In the bad old good old days, political prisoners needing ideological re-education were required to write and re-write their autobiography (really just a long-winded confession), each version critiqued by their interrogator. Imagine Oxford-Cambridge tutorials with political commissars (not too much imagination necessary; c.f., the Cambridge Five, etc.). Eventually the author began to believe the self-confessed re-interpretations of self-identity he/she was forced to pen.
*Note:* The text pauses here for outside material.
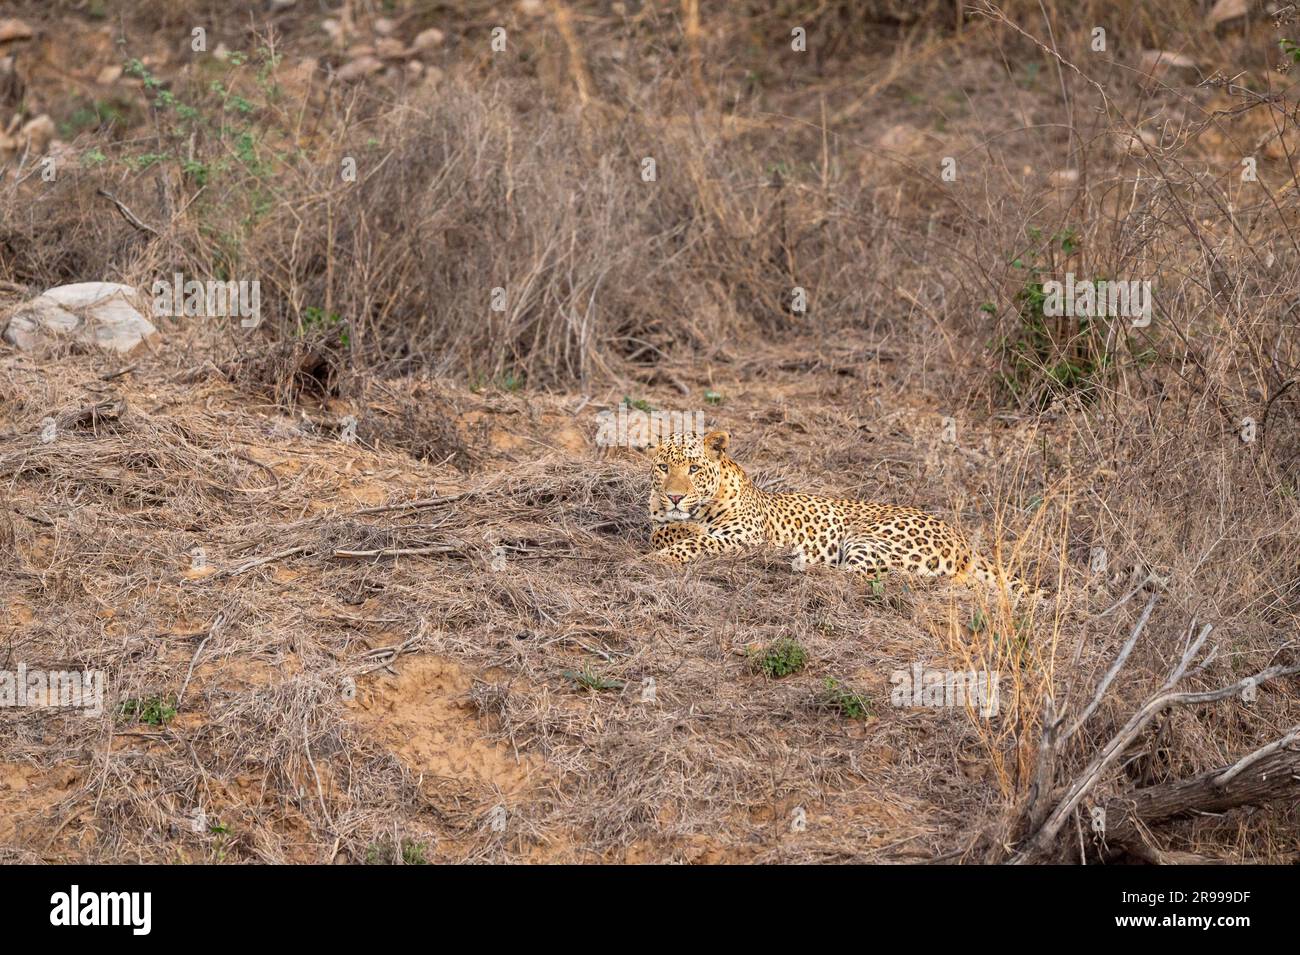 leopardo selvatico maschio o pantera o panthera pardus riposare o sedersi nella foresta secca nella stagione estiva safari serale riserva di leopardi di jhalana jaipur india Foto Stock

The Chinese under Mao used a group recitation version with the same basic idea—restate who you are until you get it right.
Tedious? Yes.
Effective? Very.
Fishy Chips: Spies Want to Hack-Proof Circuits
In 2010, the U.S. military had a problem. It had bought over 59,000 microchips destined for installation in everything from missile defense systems to gadgets that tell friend from foe. The chips turned out to be counterfeits from China, but it could have been even worse. Instead of crappy Chinese fakes being put into Navy weapons systems, the chips could have been hacked, able to shut off a missile in the event of war or lie around just waiting to malfunction.
The Intelligence Advanced Research Projects Agency, the spy community’s way-out research arm, is looking to avoid a repeat. The Trusted Integrated Circuit program is Iarpa’s attempt to keep foreign adversaries from messing with our chips — and check the circuits for backdoors once they’ve been made.
The U.S. has been worried about its foreign-sourced chips in its supply chain for a while now. In a 2005 report, the Defense Science Board warned that the shift towards greater foreign circuit production posed the risk that “trojan horse” circuits could be unknowingly installed in critical military systems. Foreign adversaries could modify chips to fizzle out early, the report said, or add secret back doors that would place a kill switch in military systems.
...
The Defense Science Board warned in its report that “trust cannot be added to integrated circuits after fabrication.” Iarpa disagrees. The agency is looking for ways to check out chips once they’ve been made, asking for ideas on how the U.S. can verify that its foreign chips haven’t been hacked in the production process.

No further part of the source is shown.